The computer readable medium may be embodied in the electronic device; or may exist separately without being assembled into the electronic device. The computer readable medium carries one or more programs which, when executed by the electronic device, cause the electronic device to: acquiring a target obstacle within a preset distance range according to a vehicle-mounted sensor; acquiring a blind area polygon of a perception blind area based on the target barrier; obtaining a relation lane associated with the current lane of the vehicle according to the high-precision map; acquiring a collision intersection point of the relation lane and the blind area polygon, and determining the collision intersection point closest to the current lane of the vehicle as a target intersection point; and determining the expected speed of the host vehicle according to the target intersection point so as to reduce the collision risk between the host vehicle and the obstacle in the perception blind area.
Optionally, when the one or more programs are executed by the electronic device, the electronic device may further perform other steps described in the above embodiments.
In the context of this disclosure, a machine-readable medium may be a tangible medium that can contain, or store a program for use by or in connection with an instruction execution system, apparatus, or device. The machine-readable medium may be a machine-readable signal medium or a machine-readable storage medium. A machine-readable medium may include, but is not limited to, an electronic, magnetic, optical, electromagnetic, infrared, or semiconductor system, apparatus, or device, or any suitable combination of the foregoing. More specific examples of a machine-readable storage medium would include an electrical connection based on one or more wires, a portable computer diskette, a hard disk, a Random Access Memory (RAM), a read-only memory (ROM), an erasable programmable read-only memory (EPROM or flash memory), an optical fiber, a portable compact disc read-only memory (CD-ROM), an optical storage device, a magnetic storage device, or any suitable combination of the foregoing.
acquiring a target obstacle within a preset distance range according to a vehicle-mounted sensor;
acquiring a blind area polygon of a perception blind area based on the target barrier;
obtaining a relation lane associated with the current lane of the vehicle according to the high-precision map;
acquiring a collision intersection point of the relation lane and the blind area polygon, and determining the collision intersection point closest to the current lane of the vehicle as a target intersection point;
and determining the expected speed of the host vehicle according to the target intersection point so as to reduce the collision risk between the host vehicle and the obstacle in the perception blind area.
acquiring all obstacles in a preset distance range through the vehicle-mounted sensor, and performing type filtering on all the obstacles to acquire a first filtered obstacle;
and determining a first obstacle with a height larger than the height of the vehicle as a target obstacle.

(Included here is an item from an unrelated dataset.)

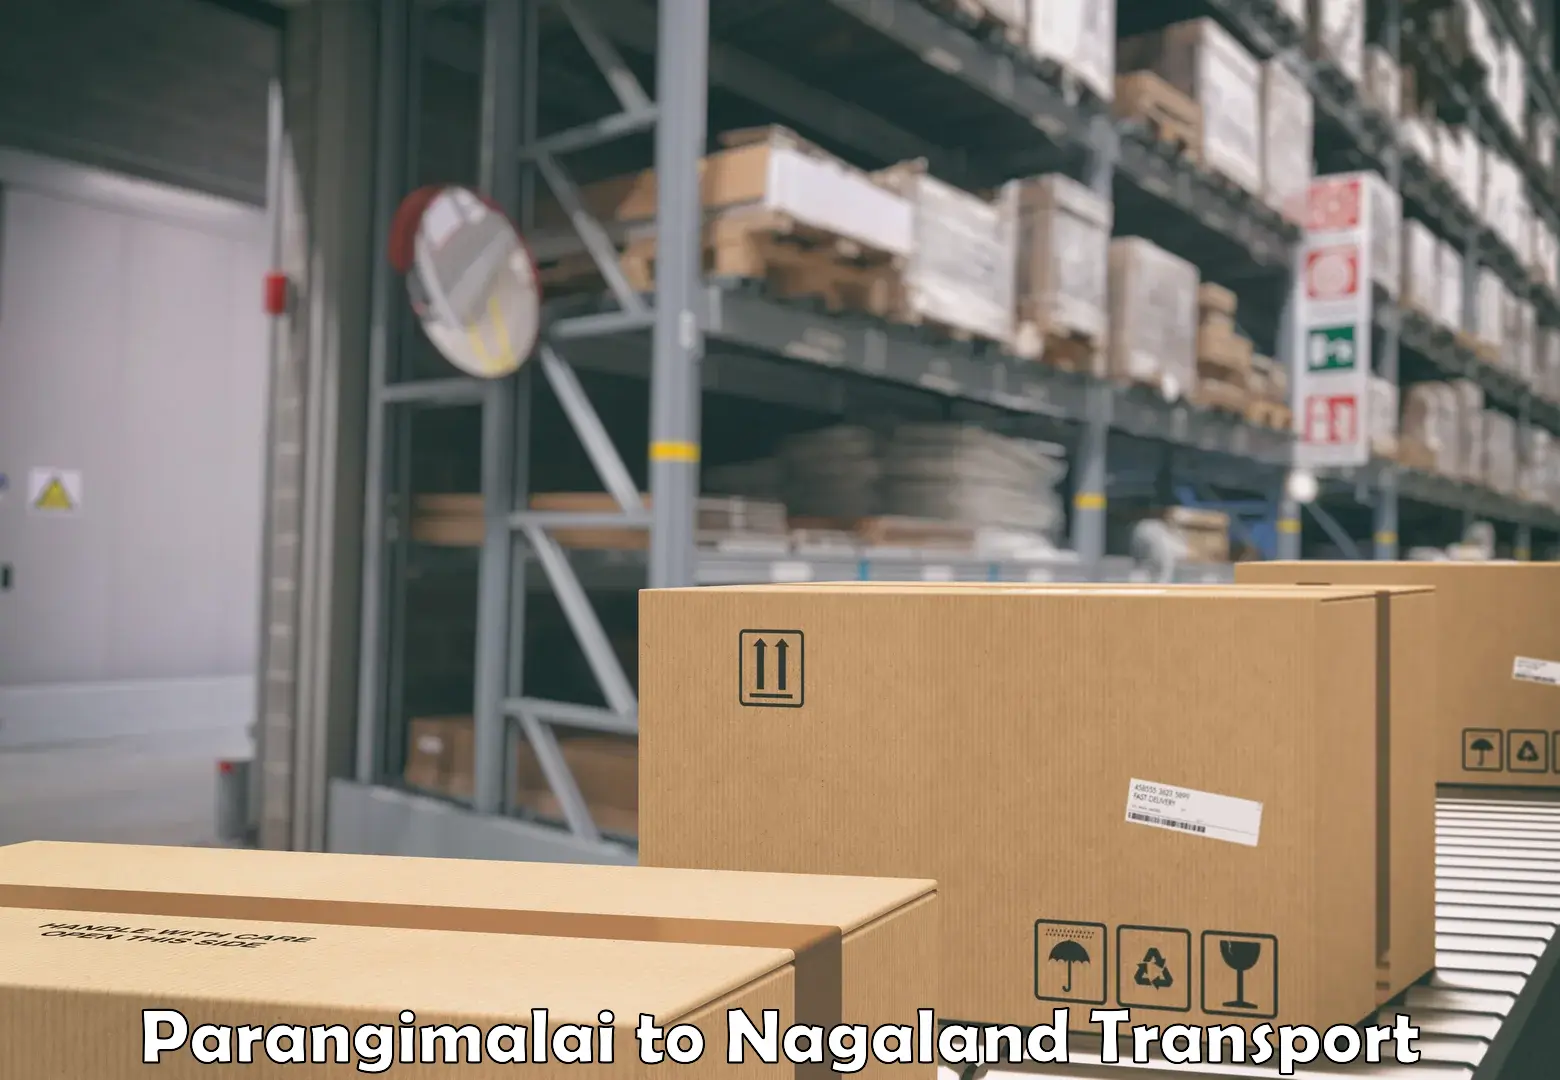 Nearest transport service Parangimalai to Nagaland

Scheme 3, the method according to scheme 1 or 2, where obtaining a blind area polygon of a perception blind area based on the target obstacle includes:
according to the position relation between the target obstacle and the vehicle-mounted sensor, acquiring a tangent point of the target obstacle and a tangent line which initially passes through the tangent point from the vehicle-mounted sensor based on a first preset algorithm;
extending the tangent line by a preset length along a direction away from the vehicle to obtain a vertex;
and determining a blind area polygon of the perception blind area according to the tangent point and the vertex.

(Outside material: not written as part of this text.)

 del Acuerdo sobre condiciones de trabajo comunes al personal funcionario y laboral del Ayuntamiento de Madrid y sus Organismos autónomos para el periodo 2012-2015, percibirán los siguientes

Scheme 4, the method according to scheme 1 or 2, where the obtaining of the collision intersection point of the relation lane and the blind area polygon includes:
acquiring sampling points corresponding to the relation lanes in the high-precision map;
traversing all the sampling points based on a second preset algorithm to obtain at least one group of adjacent first sampling points and second sampling points, wherein the first sampling points are positioned outside the blind area polygon, and the second sampling points are positioned inside the blind area polygon;
acquiring a sampling point ray based on the first sampling point and the second sampling point;
and determining the intersection point of the sampling point ray and the blind area polygon based on a collision detection algorithm, and determining the intersection point as the collision intersection point of the relation lane and the blind area polygon.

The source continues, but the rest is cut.